Nancy,
Yes, my doctor knows this because my daughters call him or his stand in
after they have been called. He has never seen me when I can't talk. (It
usually happened on a weekend and he is not available) to see me anyway.
6 years ago I was admitted to the hospital and had an MRI, Ultra Sound,
CScan and an EEG. Then he thought I had a TIA (small stroke) but
everything happened like before. The last time 2 years ago I asked him if
it was a TIA or a sz. He thought it was a sz. He didn't see me either
time until Monday morning.
I usually go in Monday morning and he checks me out.
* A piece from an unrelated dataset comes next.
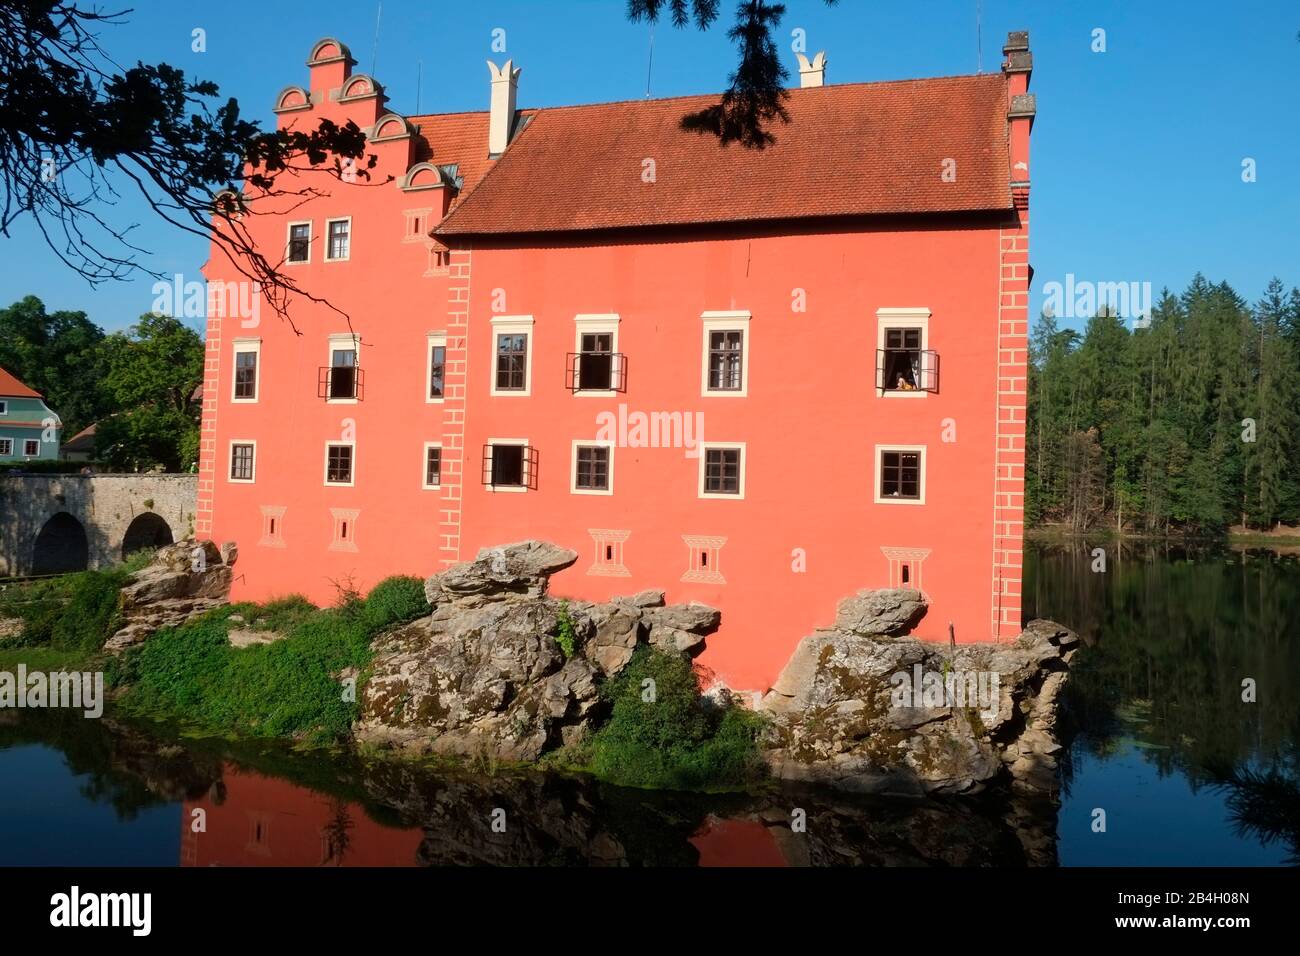 Cervena Lhota Chateau, Repubblica Ceca. La casa estiva ricostruita dal forte gotico nel 16th secolo è stato un luogo di divertimento, celebrazioni e tempo libero. Foto Stock

By then I am talking
again but he can tell that I am not quite my usual self and I am not to
drive. Between my daughter and I -- we tell him what happened. (At least
what little I remember and whatever anyone else has seen of me). He sends
me to get a blood test to see if my meds are low.
You will have to remember I don't have many szs. My last one was 2 years
ago and before that it was 4 years.
Millie
> does your dr. understand this. maybe I should see another dr but he is
> suppose to be the best. Nancy
>
>
>
>
> ____________
> From: "mylmy@bnin.net" <mylmy@bnin.net>
> To: epilepsy@yahoogroup
> Sent: Sunday, June 7, 2009 1:31:34 AM
> Subject: Re: [epilepsy] Re: New Here
>
>
>
>
>
> Nancy ,
>
> When I was diagnosed (DX) 47 years ago I had grand mal szs.
>
> About 15 years ago they changed to more like complex partials--
> according to what I read. I start out by acting like I don't hear
> you. Since I live alone I sleep a lot. Other wise I am probably
> sleep deprived. I walk to places I don't remember later. If
> I do talk my friends know I am not my usual self. Then I have trouble
> talking (my brain isn't working right.)-- then I can't talk at all.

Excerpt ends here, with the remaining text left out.